If you look at your profile on Facebook today, you’ll possibly see a new email for yourself: [your Facebook user name]@facebook.com.

I have long displayed my email publicly on Facebook: billdawers@comcast.net. Facebook contacts are welcome to send me messages directly via Facebook, but I’d prefer for various business contacts to come through my Comcast account.

Forbes has a great piece about this today, Facebook’s Lame Attempt To Force Its Email Service On You:

Security researcher Ashkan Soltani meanwhile calls it “slightly fishy to auto-replace your default email address with ‘facebook.com’ without any user consent.” After all, it should be up to Facebook users to determine the information in their profile about how they want to be contacted, not Facebook. I hope they don’t start taking other liberties with my profile page, changing my interests, hobbies, and “in a relationship with” to “Facebook. Only Facebook.” I realize that there’s research out there suggesting that oversharing on Facebook is as pleasurable as sex and eating delicious things, but I’m not that into it.

A Facebook spokesperson says the company has been updating Facebook addresses for users since April. Without specifying when exactly the company made this the default contract address for its users, the spokesperson says the site is “rolling out a new setting that gives people the choice to decide which addresses they want to show on their timelines.”

That last comment from the Facebook spokesperson is pretty close to a lie.

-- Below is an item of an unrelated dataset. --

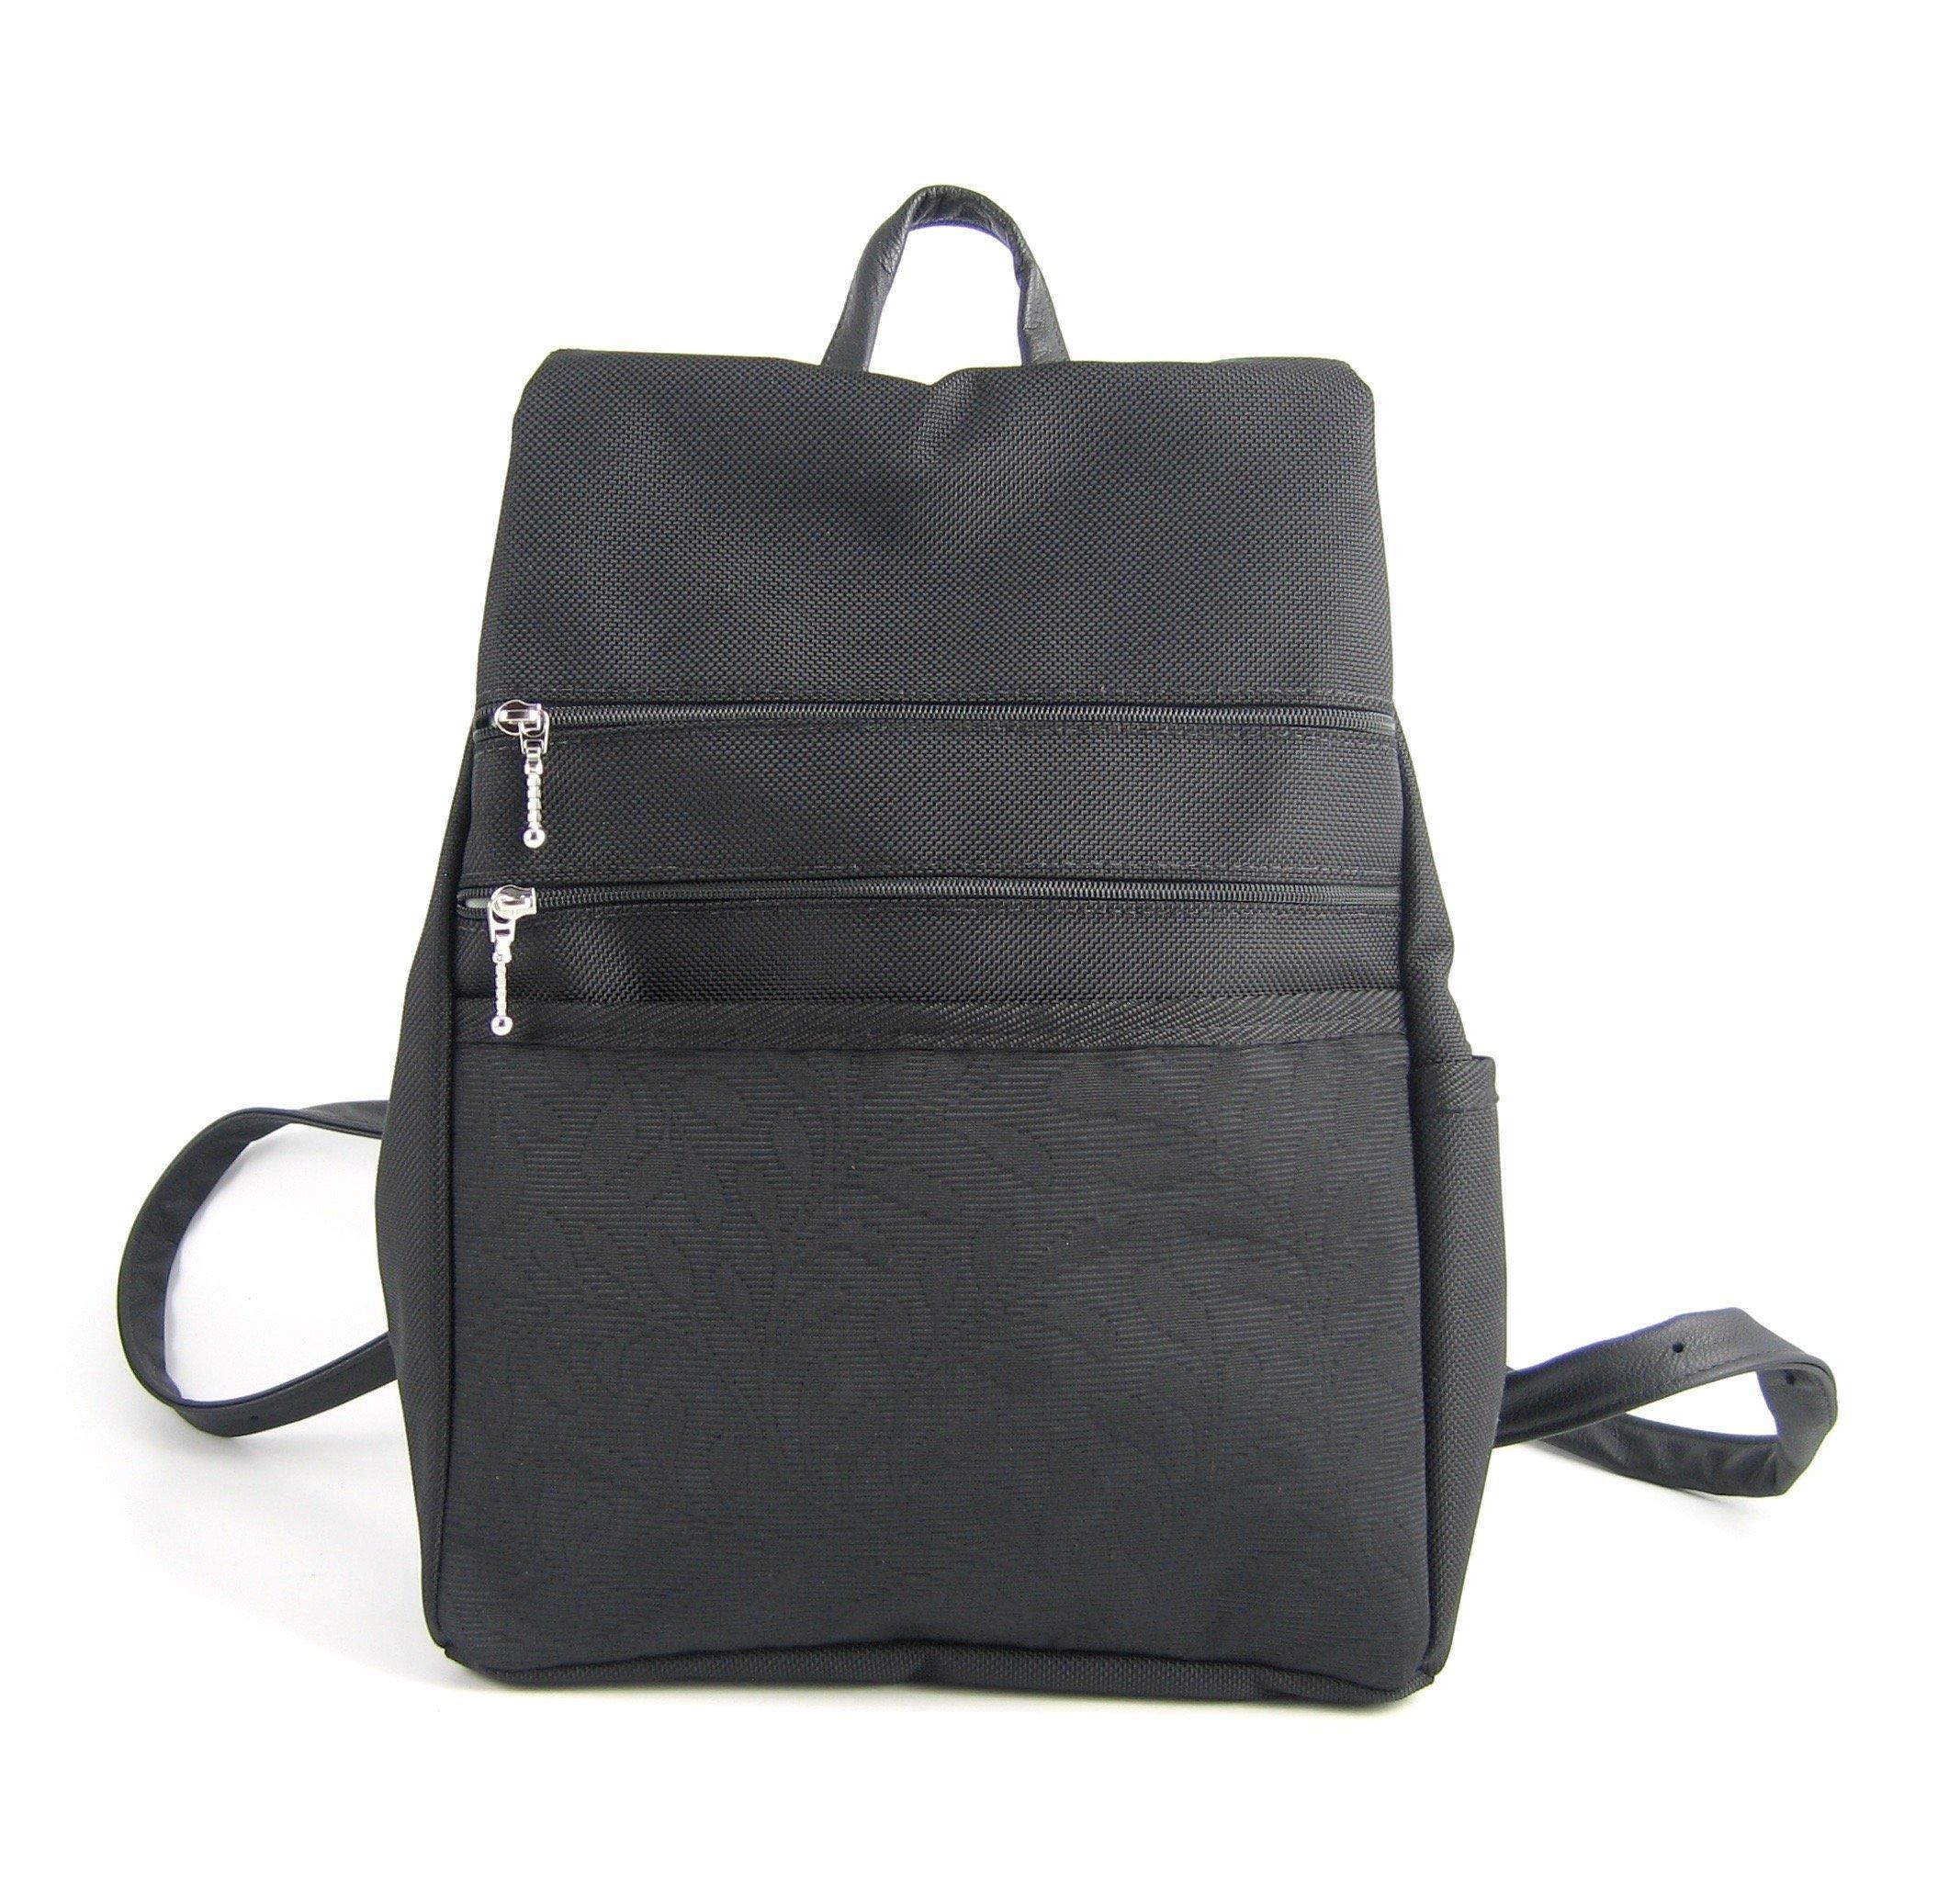 GreatBags Med Backpack Purse, Black Side Entry G20L

I was never given the opportunity to “decide” anything about this — just as I was never given the opportunity to decide that many messages would slip into an “Other” box that many Facebook users do not even know is there.

If you don’t know about that, go to your Facebook homepage, click on the word “Messages” in the upper left hand corner and then click on the word “Other” that has appeared below it.

If you want to change your email contact back to what you want it to be, go to your profile page or timeline, click on “About”, and then simply change the settings under “Contact”.

Monkeying around with contact settings without telling users is a sure way not only to create anger and distrust, but also potentially to damage business relationships and deals.